RIVATEX: Kenya's Local Textile Industry Looks Bleak
---------------------------------------------------                         
The future of the local textile industry looks bleak
following the collapse of Kenya's only remaining
Government-owned textile company the Rift Valley  
Textile. The fate of the company would have been sealed
last week had the Government not moved to place it in
receivership.

The decision was supported by the various debenture holders
who have a charge over the assets of the company.
Rivatex was unable to service loans from the debenture
holders who include the Industrial and Commercial
Development Corporation, the Industrial  
Development Bank and the Development Bank of Kenya.
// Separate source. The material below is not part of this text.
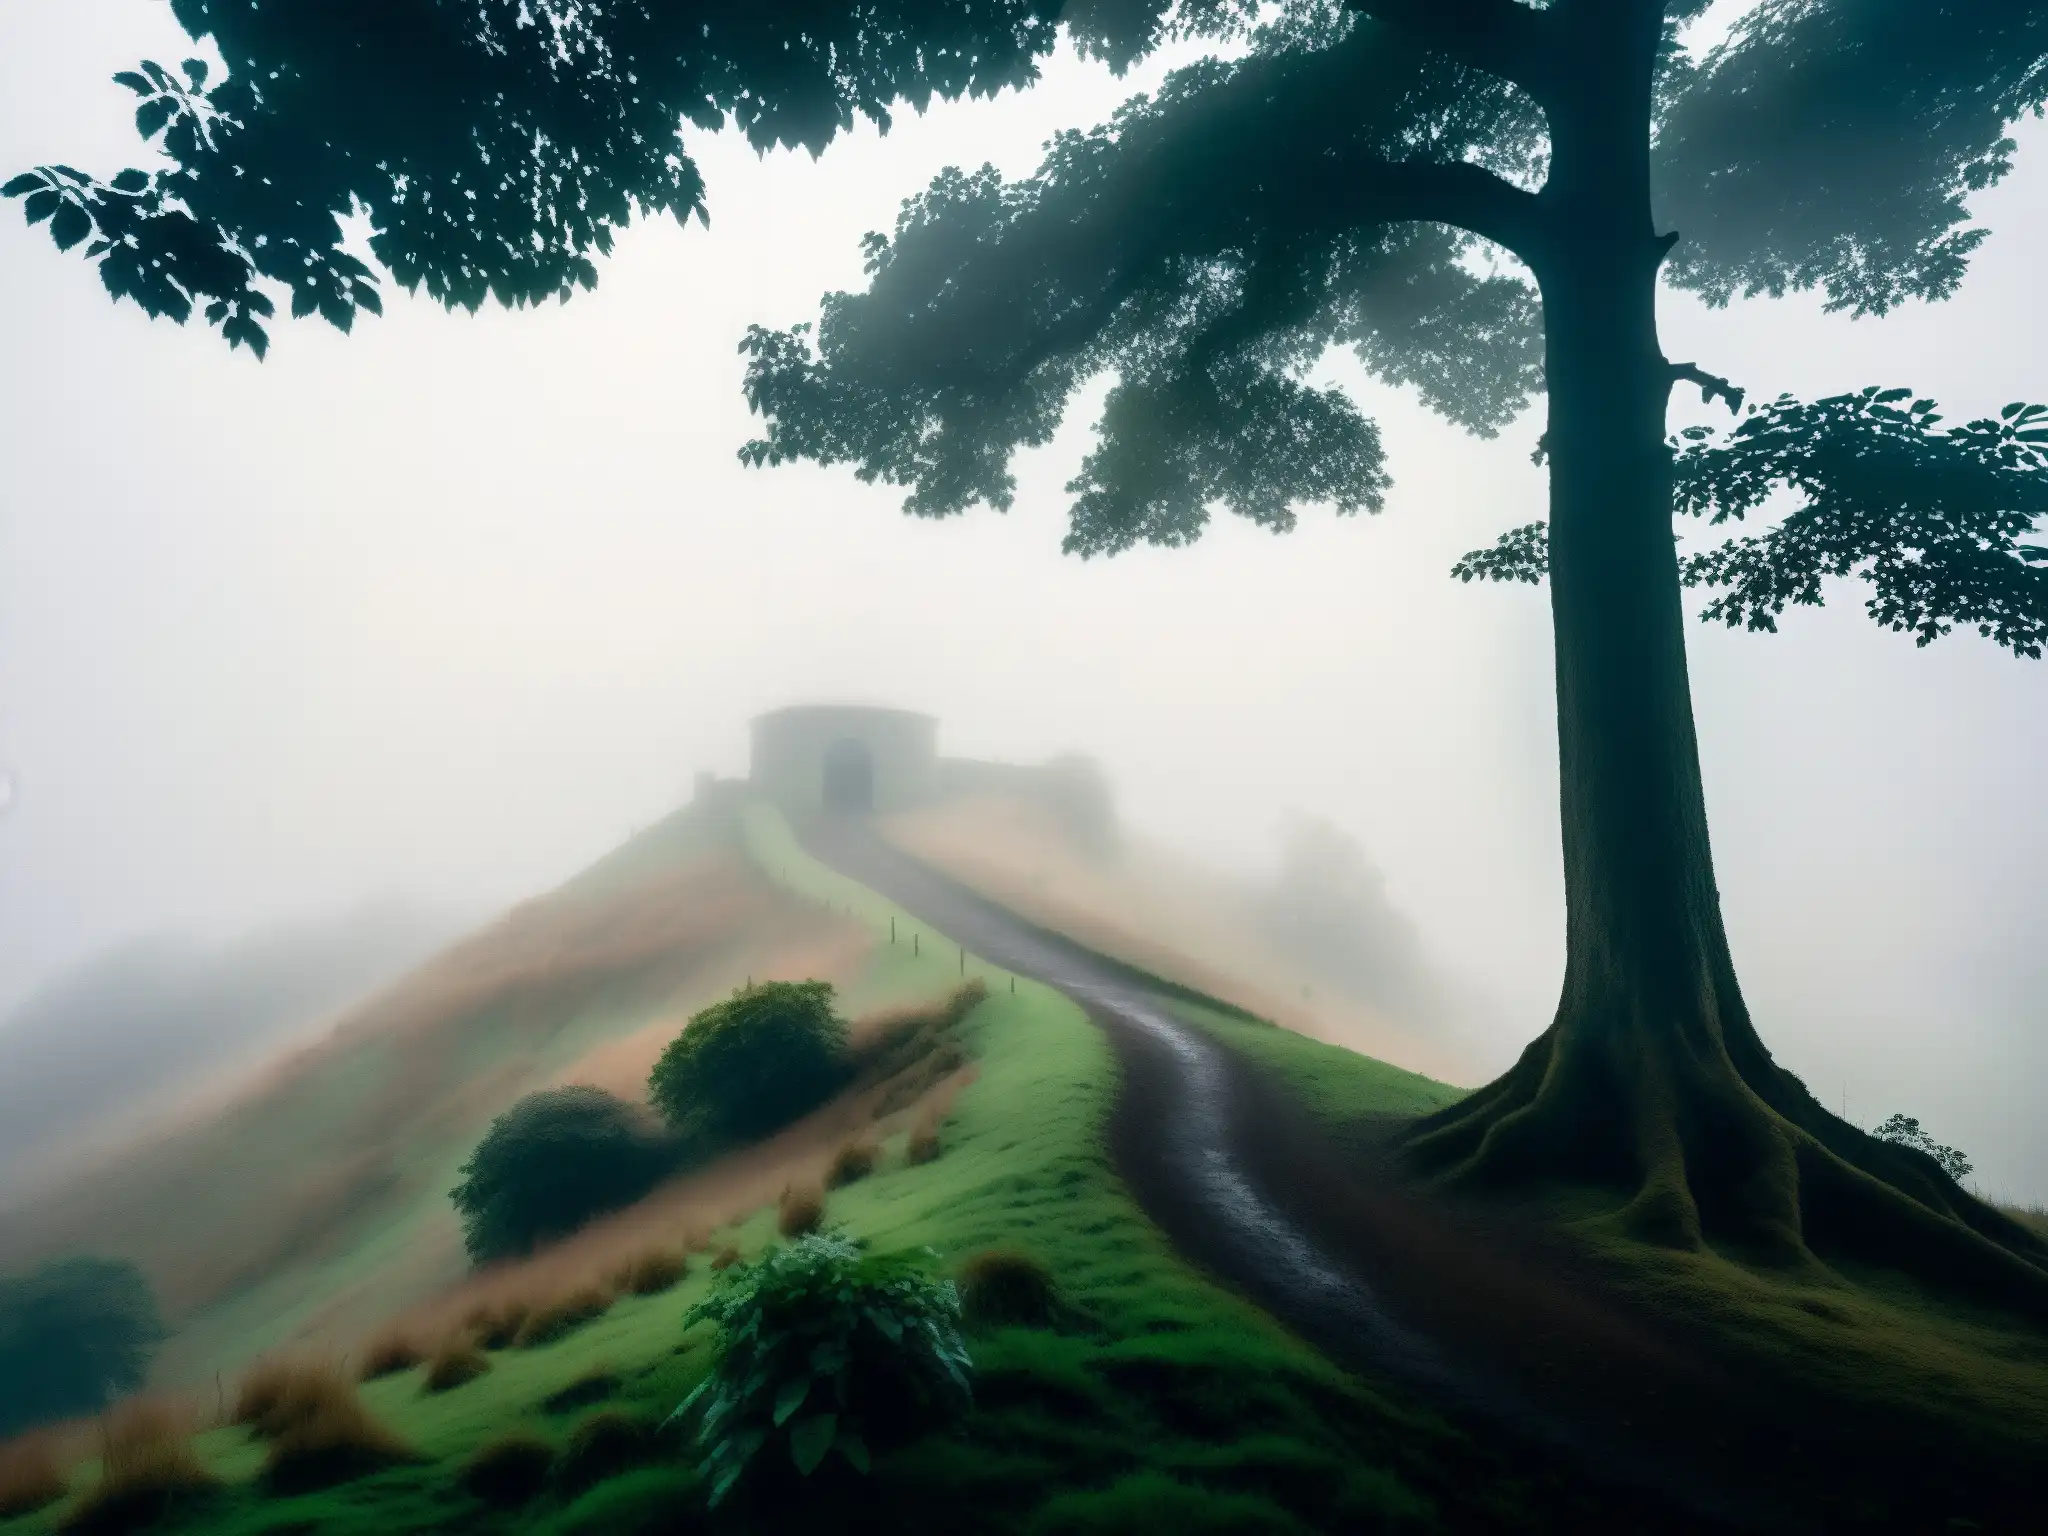 Imagen documental de alta resolución de la misteriosa colina Barog envuelta en niebla, con la tenue entrada de un túnel apenas visible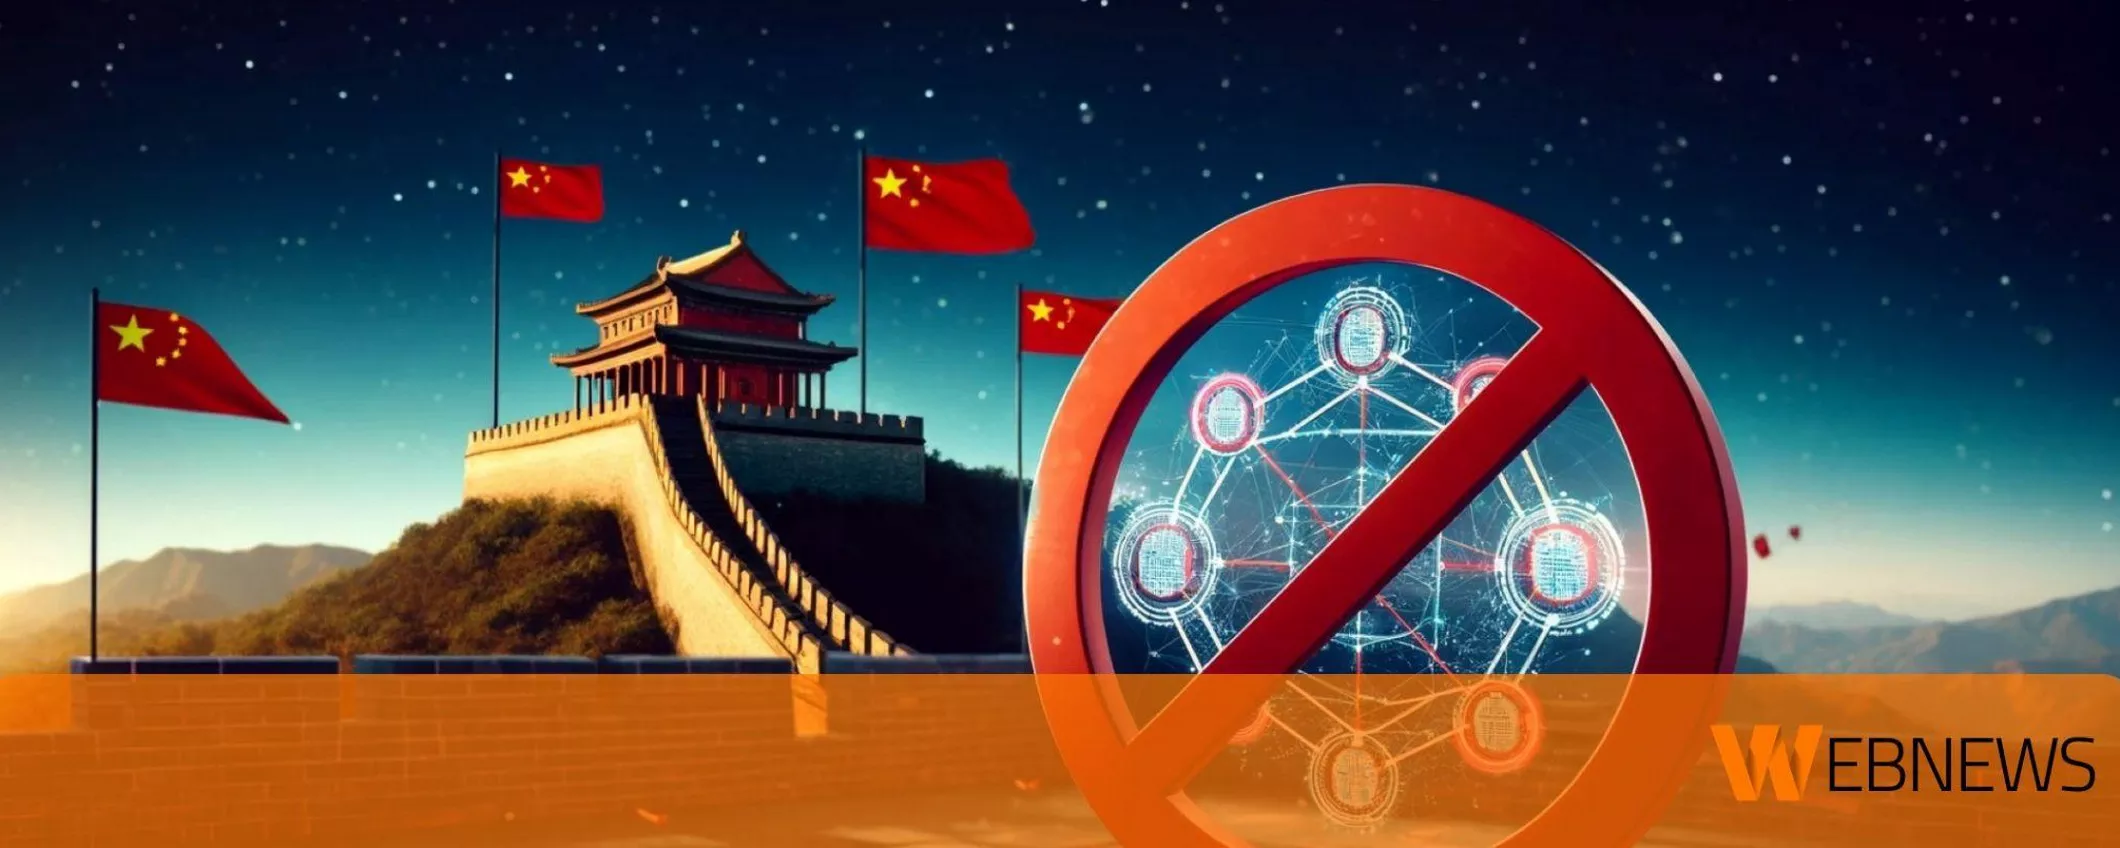 L'intelligenza artificiale ha previsto che la Cina vieterà le blockchain ad alto consumo

The company is also indebted to other corporations
including the Kenya Posts and Telecommunication
Corporation, Kenya Power and Lighting Company and the  
Municipal Council of Eldoret.  By putting the company in
receivership, the government plans to save the assets from
being auctioned by creditors through court action.
(Africa News Service - 06/09/98)


STEELTECH: Uncertain Future - Still Denying Bankruptcy
------------------------------------------------------
Steeltech Manufacturing Inc. may soon lay off workers and
could face bankruptcy as its two major contracts run out.
With just weeks to go on the deals, Steeltech has been
unable to land new business. The metal fabricating and
painting firm is in its third year of a contract  
to paint underbody frames of the Dodge Ram for Tower
Automotive Corp. That contract expires June 30.

The company also has a $68 million subcontract to build
flat racks, or cargo beds, for U.S. Army trucks being built
by Oshkosh Truck Corp. That contract will end in mid-July.
Together, the contracts represent about 80% of Steeltech's
sales.  Steeltech President Chuck Wallace has acknowledged
layoffs are possible, but the company's executives remain
optimistic.  Hugh Nelson, Steeltech's vice president of
marketing, noted that the company reported its first
operating profit in 1997. And for the first quarter of
1998, he said, the company reported a net profit.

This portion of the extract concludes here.